:: Task description ::
Type out each record word for word. Pictures stay out.

:: Available data ::
▼

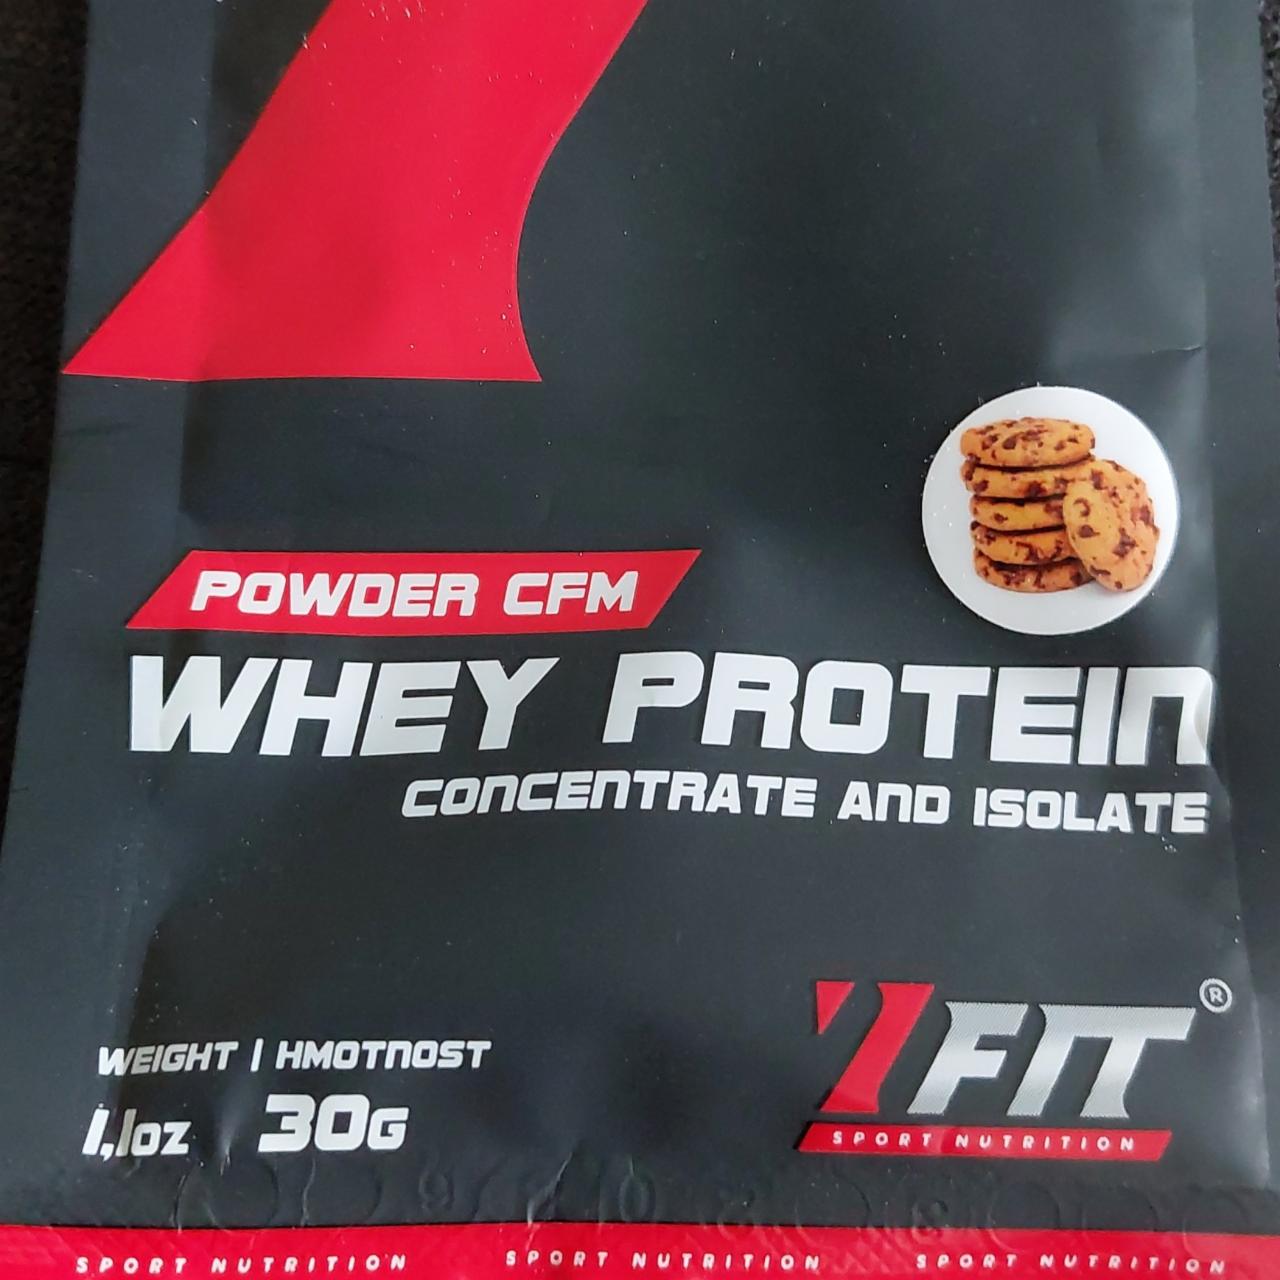 Fotografie - Powder CFM Whey Protein Cookie 7Fit Sport Nutrition
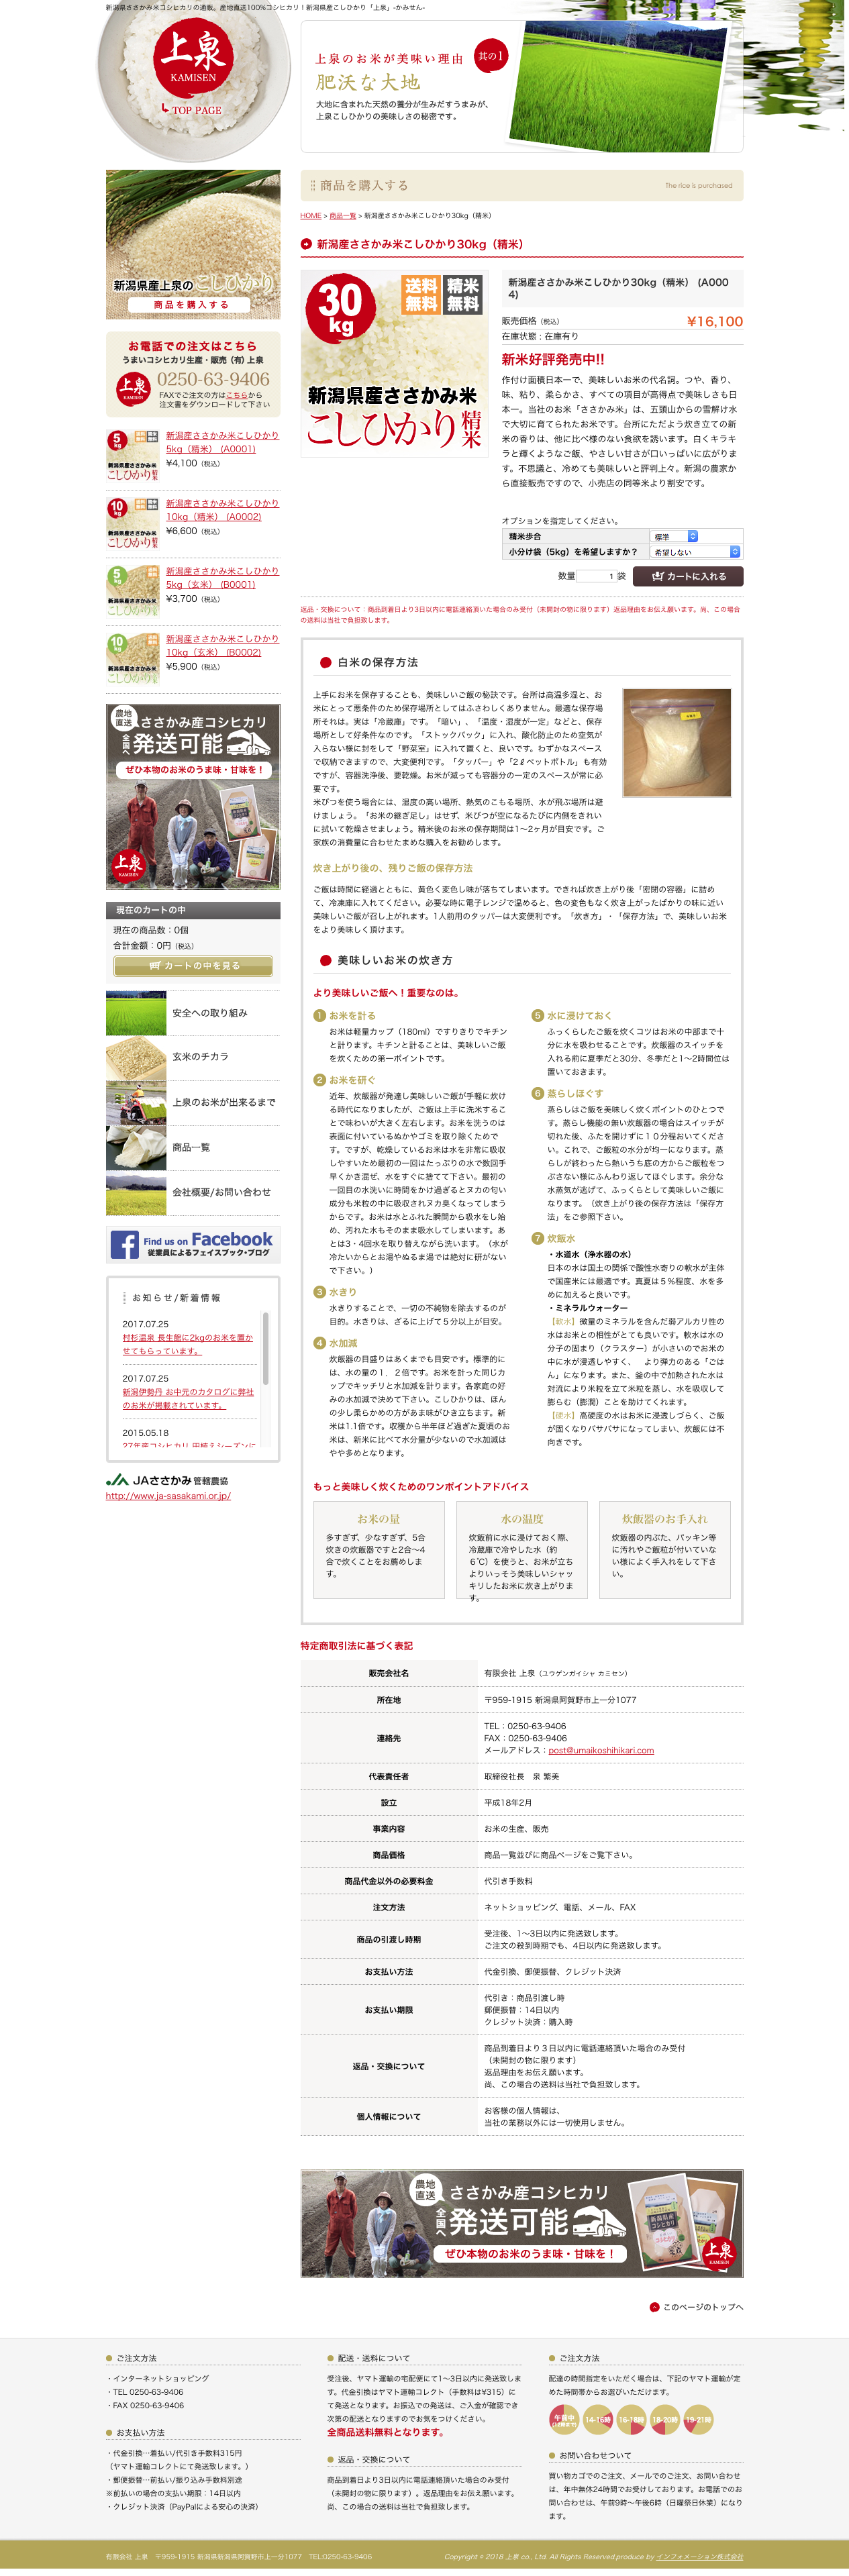 うまいコシヒカリ生産・販売(有)上泉 様のホームページ
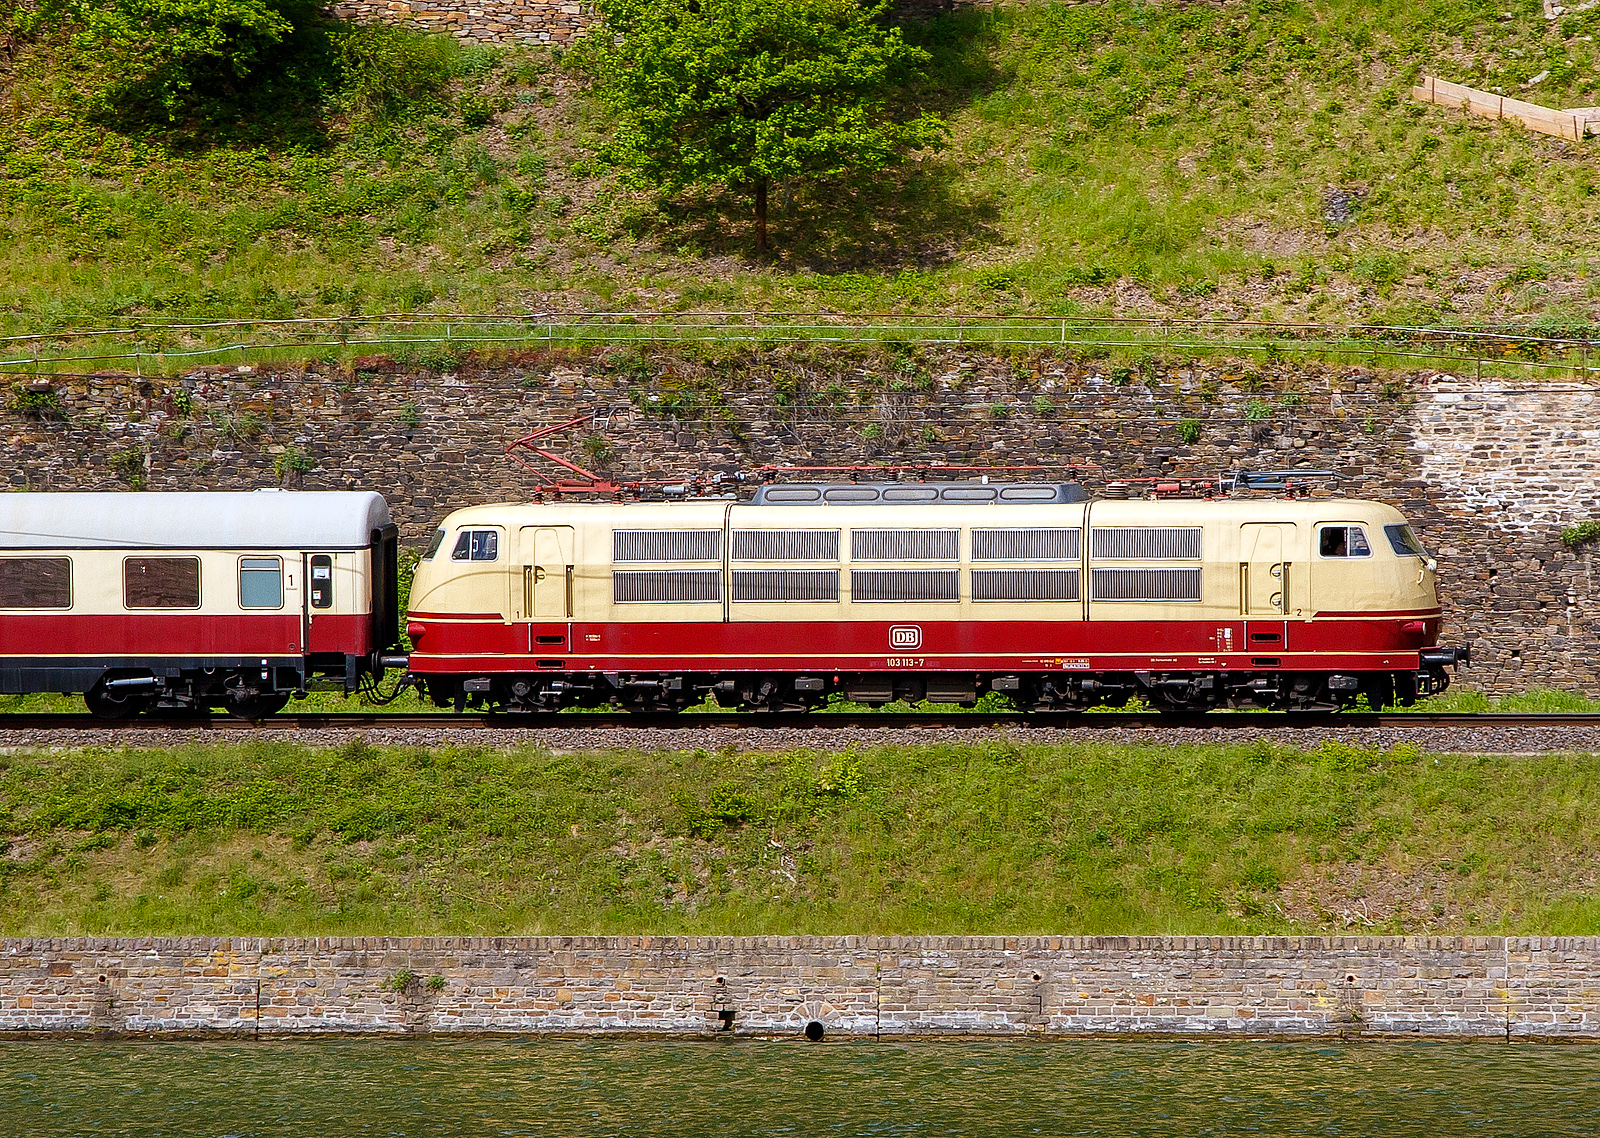 Dampfspektakel 2018 - Die 103 113-7 (91 80 6103 113-7 D-DB) vom DB-Museums in Koblenz mit ihrem kurzem TEE (Trans Europ Express) Trier - Wittlich - Koblenz, fährt am 28.04.2018 zwischen Kattenes und Löf in Richtung Koblenz. 

Die 103.1 wurde 1970 von Henschel in Kassel unter der Fabriknummer 31431 gebaut, der elektrische Teil ist von Siemens. Die E-Loks der BR 103 sind die weltweit stärkste einteilige Lokomotiven Sie haben eine Leistung von 10.400 kW (14.140 PS) die auf 9.000 kW (12.236 PS) begrenzt wurden.
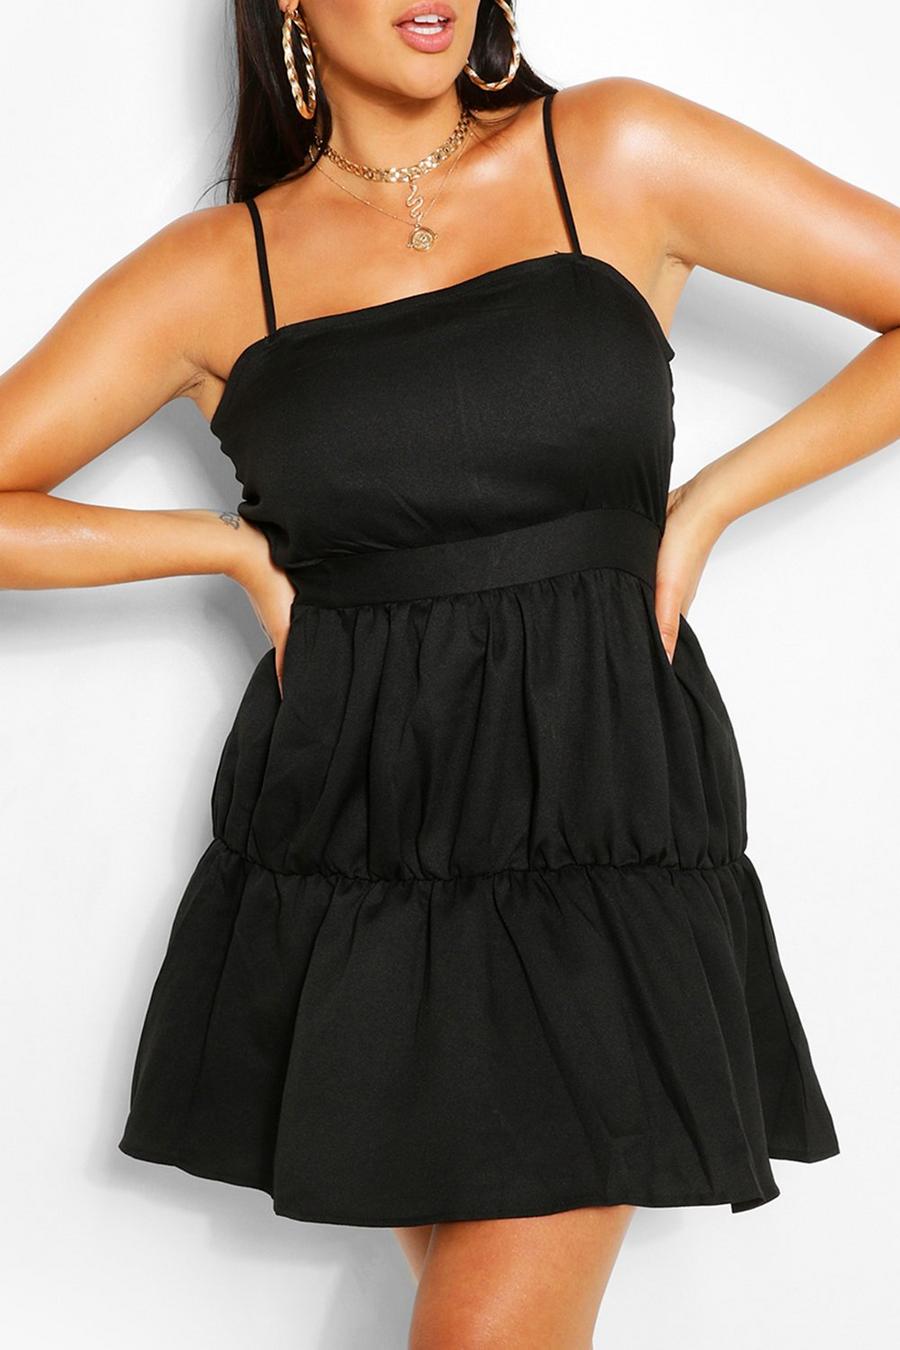 שחור black שמלת קיץ מדורגת עם כתפיות מידות גדולות

▲

:: Result of the exercise ::
 Fotografie - Powder CFM Whey Protein Cookie 7Fit Sport Nutrition
 うまいコシヒカリ生産・販売(有)上泉 様のホームページ
 Dampfspektakel 2018 - Die 103 113-7 (91 80 6103 113-7 D-DB) vom DB-Museums in Koblenz mit ihrem kurzem TEE (Trans Europ Express) Trier - Wittlich - Koblenz, fährt am 28.04.2018 zwischen Kattenes und Löf in Richtung Koblenz. 

Die 103.1 wurde 1970 von Henschel in Kassel unter der Fabriknummer 31431 gebaut, der elektrische Teil ist von Siemens. Die E-Loks der BR 103 sind die weltweit stärkste einteilige Lokomotiven Sie haben eine Leistung von 10.400 kW (14.140 PS) die auf 9.000 kW (12.236 PS) begrenzt wurden.
 שחור black שמלת קיץ מדורגת עם כתפיות מידות גדולות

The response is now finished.